*Task to complete*:
For the data below, retype word for word the lines from the one containing "South Lawson Waterfall" through the one containing "ILN full page"; drop the pictures.

*The data*:
============================================================

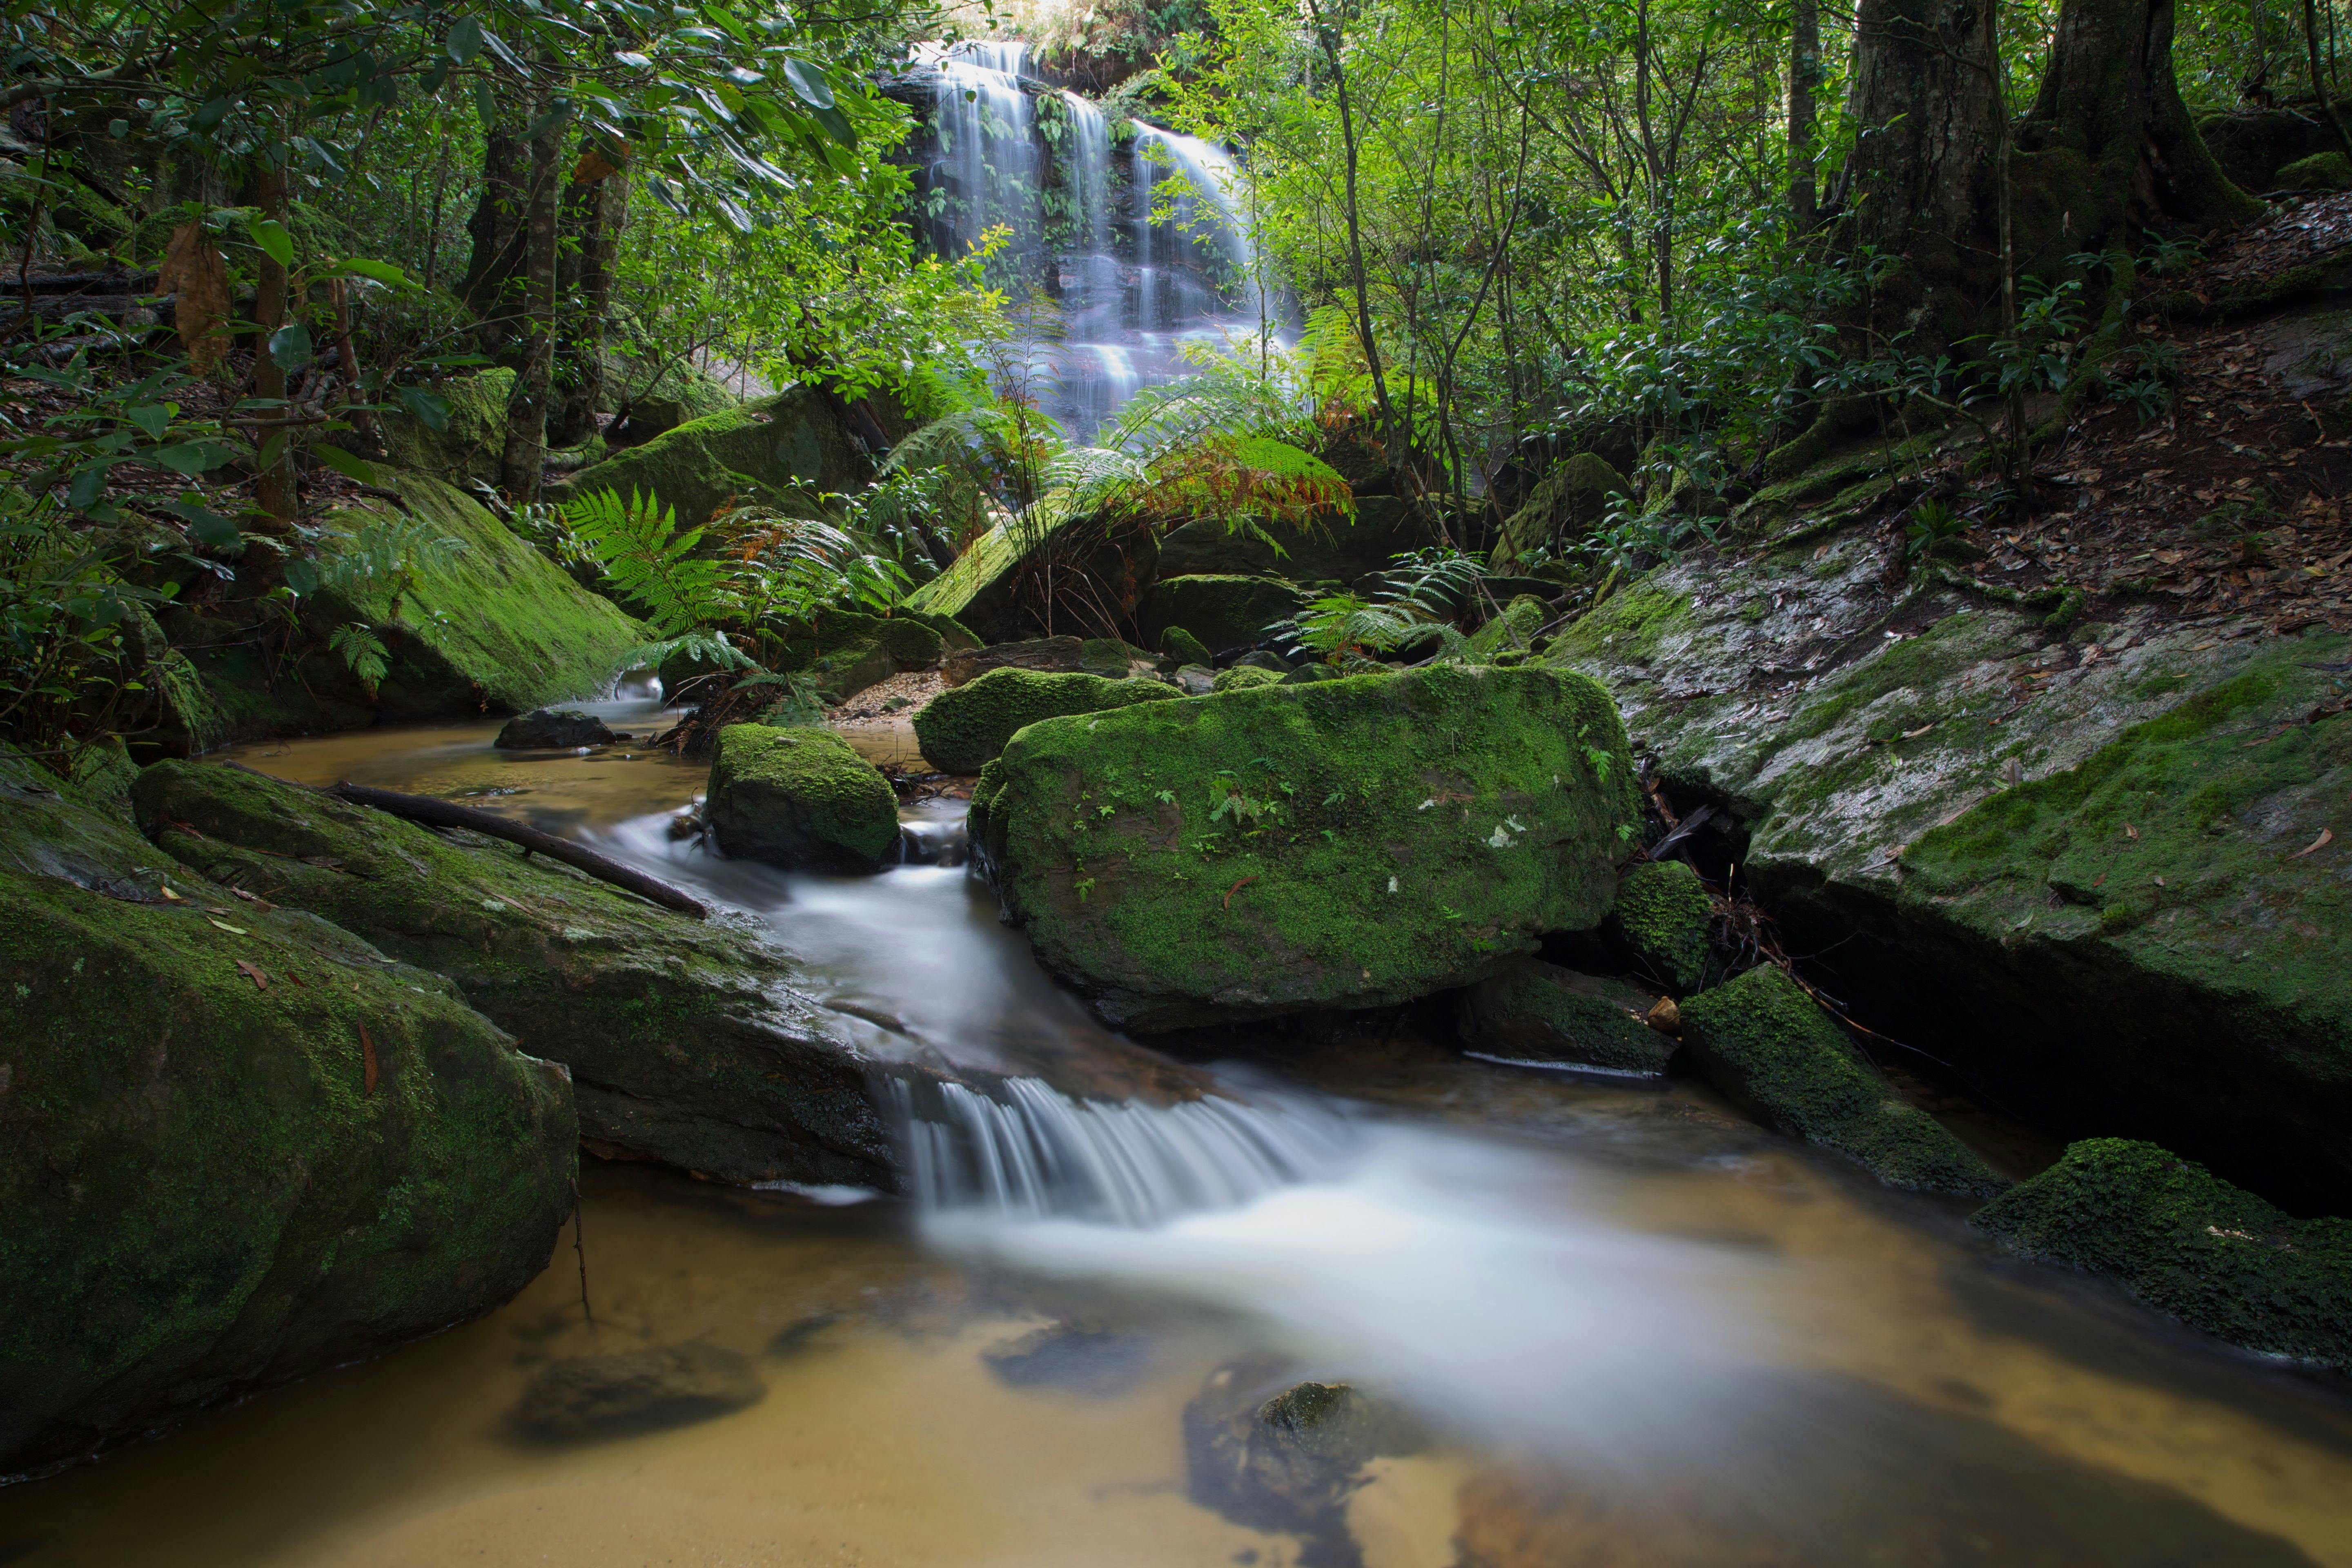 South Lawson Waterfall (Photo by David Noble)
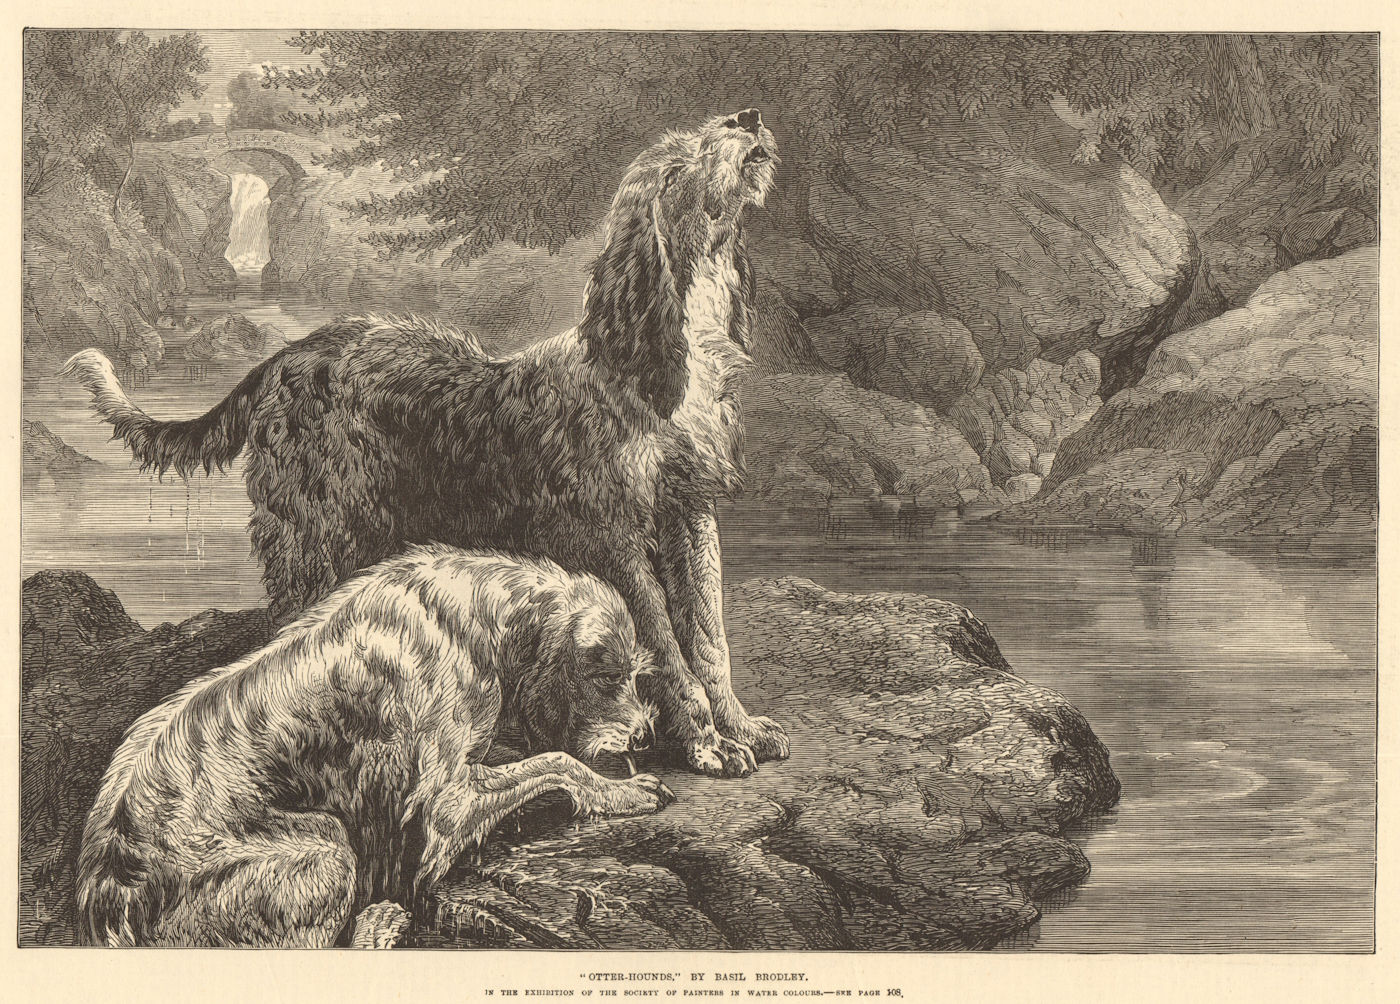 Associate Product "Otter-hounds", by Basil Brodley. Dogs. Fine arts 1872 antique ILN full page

============================================================

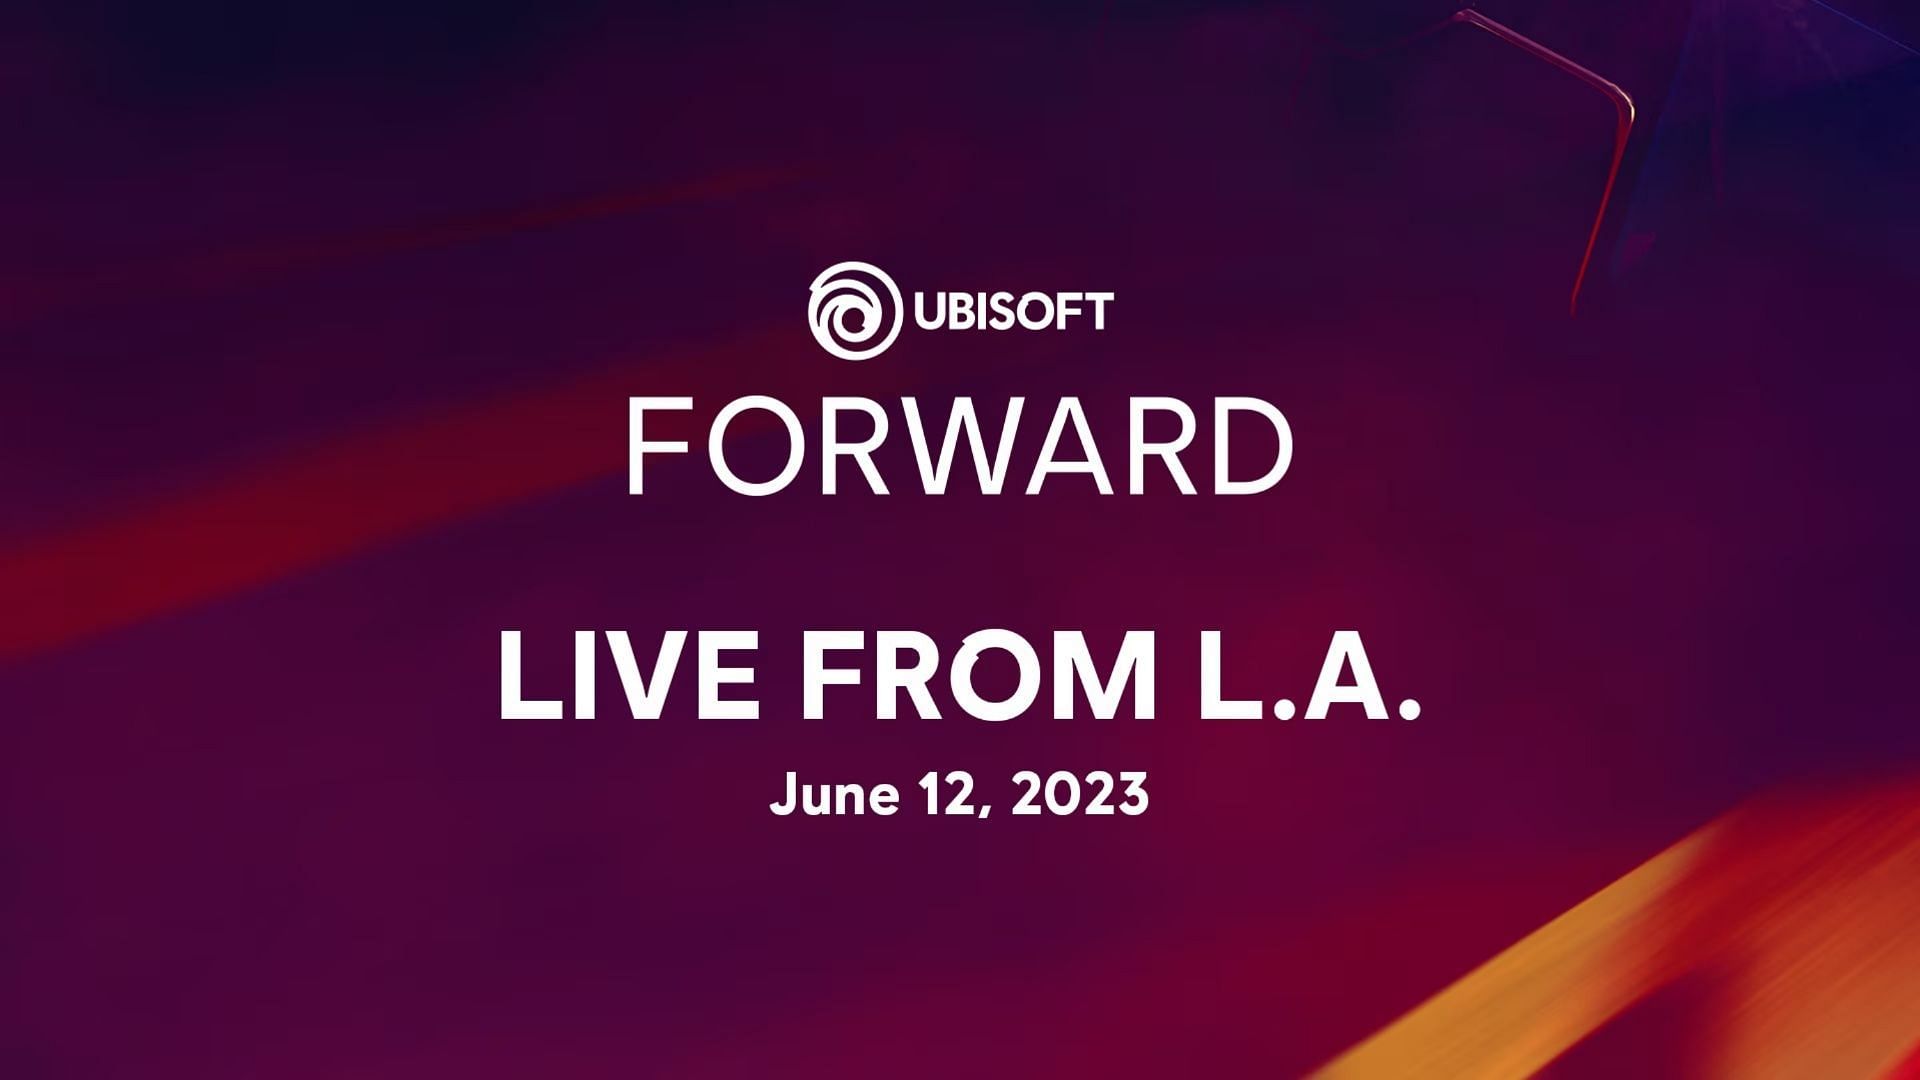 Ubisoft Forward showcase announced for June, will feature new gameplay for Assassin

============================================================

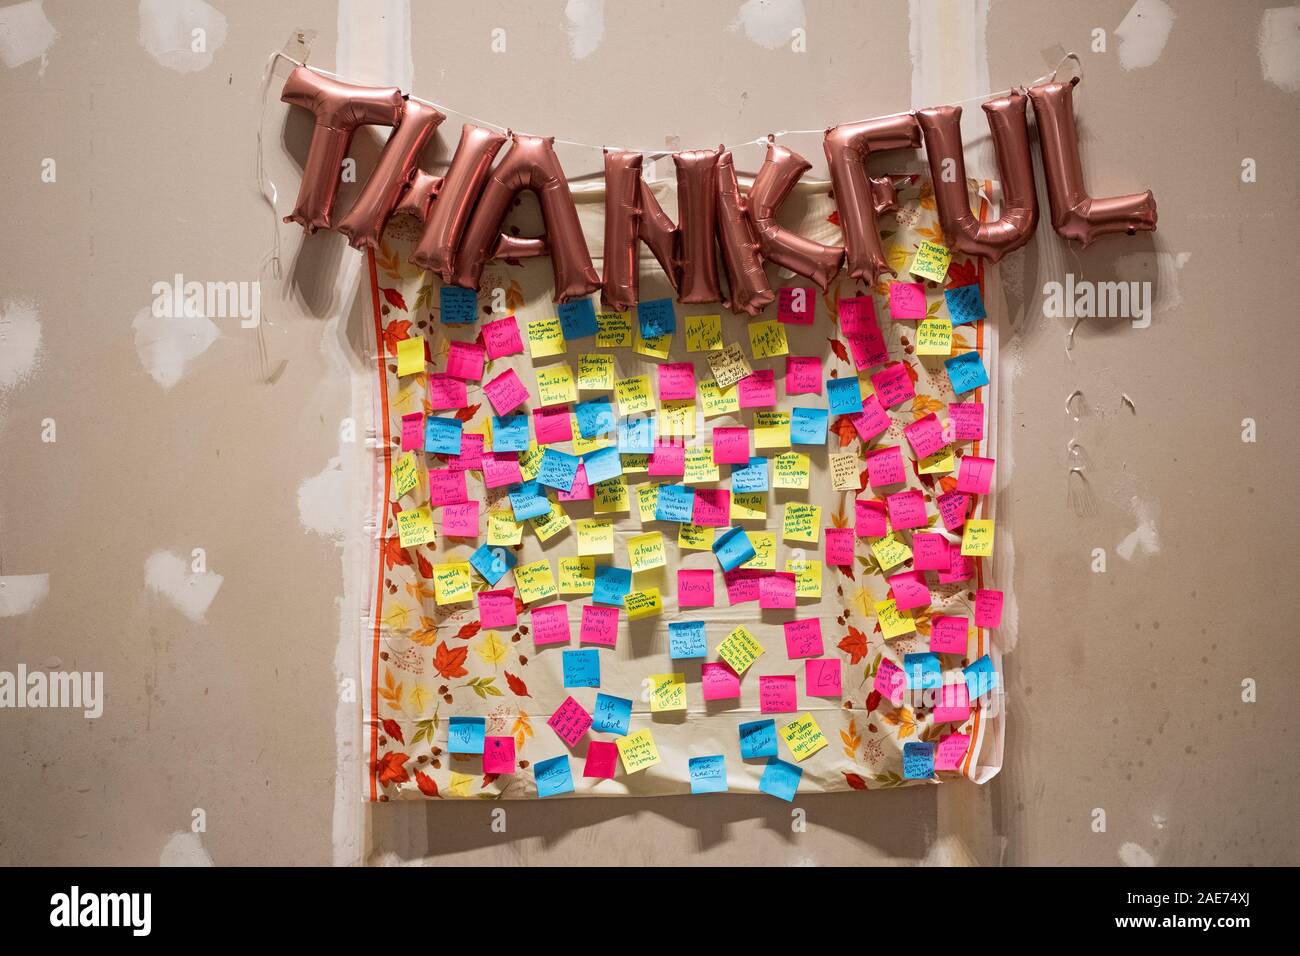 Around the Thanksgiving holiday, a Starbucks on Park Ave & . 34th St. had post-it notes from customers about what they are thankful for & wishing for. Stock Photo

============================================================

*Written response*:
 South Lawson Waterfall (Photo by David Noble)
 Associate Product "Otter-hounds", by Basil Brodley. Dogs. Fine arts 1872 antique ILN full page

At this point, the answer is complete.